Chapter Fourteen
First thing in the morning, there are the usual noises from next door. The sound of running water and a clatter in the kitchen, even the smell of coffee. Yet, once more, no sign of him on the balcony.
As soon as possible, I’m down among the bushes. Pen and pad in hand, I make notes as I go.
My main objective is also to decide where best to start with my smaller gardens. In theory, closer to the terrace would be ideal, so the garden renovation can proceed like a wave gradually turning the land from brown to green over the next fifteen months.
People think restoration is difficult; they’re wrong.
It’s easy as long as you find a key.
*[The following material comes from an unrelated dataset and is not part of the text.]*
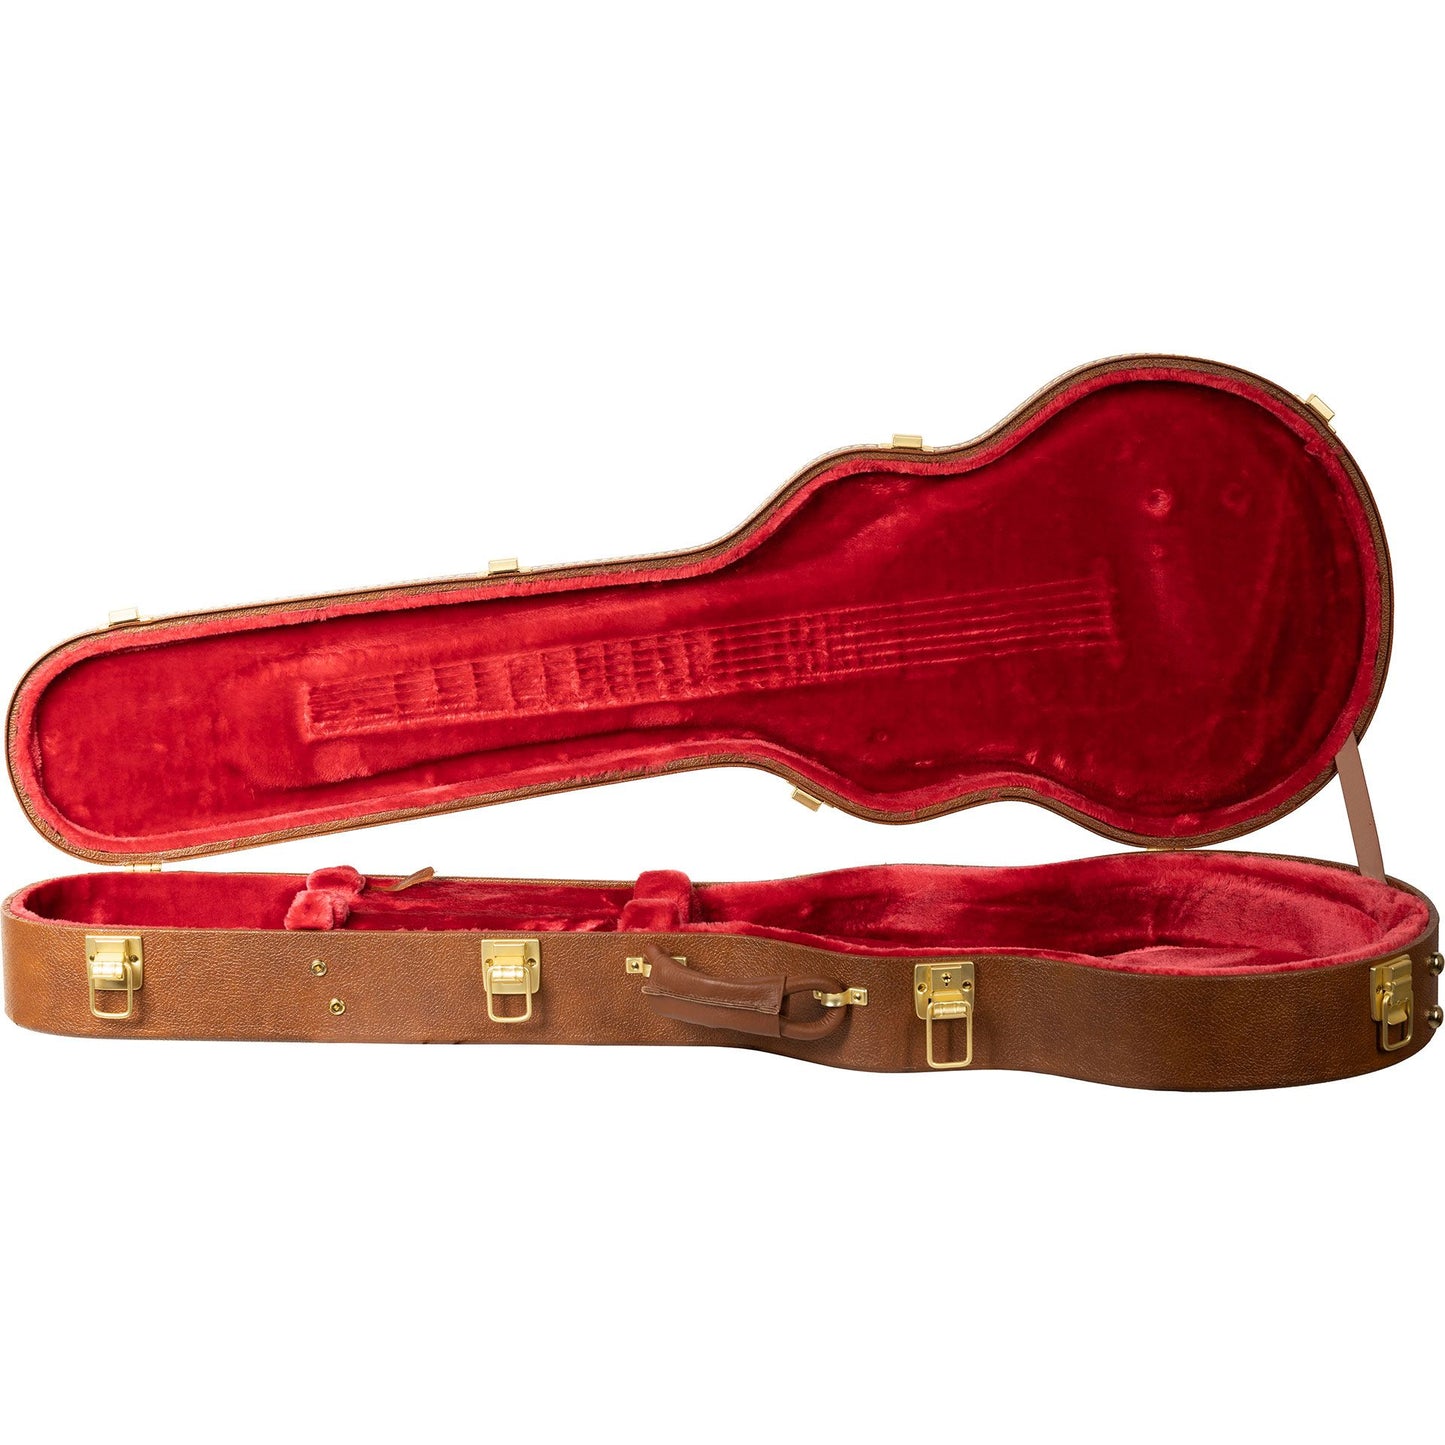 Gibson Les Paul Standard ‘60s Left Handed Electric Guitar, Bourbon Burst

For example, a large hole with a broken statue.
It tells you this was a pond, so you repair the structure, refill with clean water, plant water lilies, some flowering bushes on the outside, add a new statue, a stone bench, and hey presto!
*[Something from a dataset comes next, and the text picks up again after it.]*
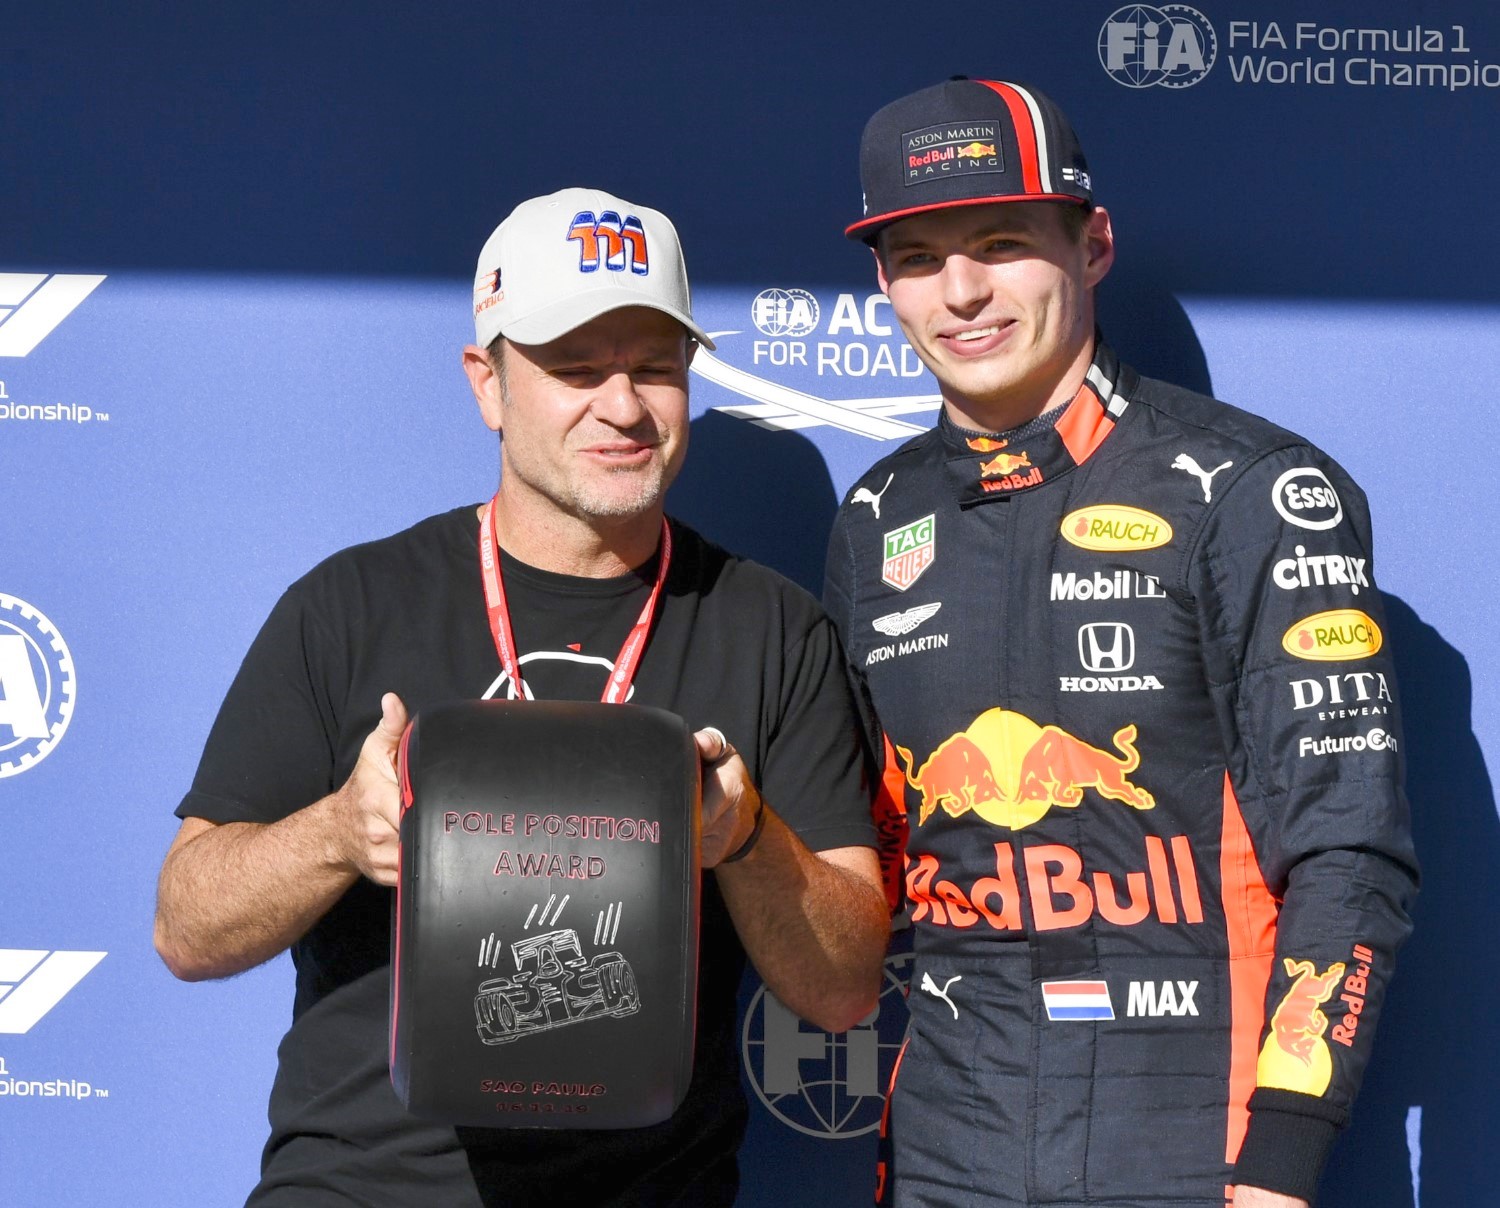 In Brazil Rubens Barrichello presented the pole award to Verstappen

We have a water garden. Next, you find the remains of a box hedge – another key.
You follow the roots and recreate a mini maze.
My job today is to find some of the old features to create the new gardens around them.
But after several hours of pushing my way through dead bushes, I can’t find a key, somewhere to start. The more I walk around dead bushes, the more confusing it becomes.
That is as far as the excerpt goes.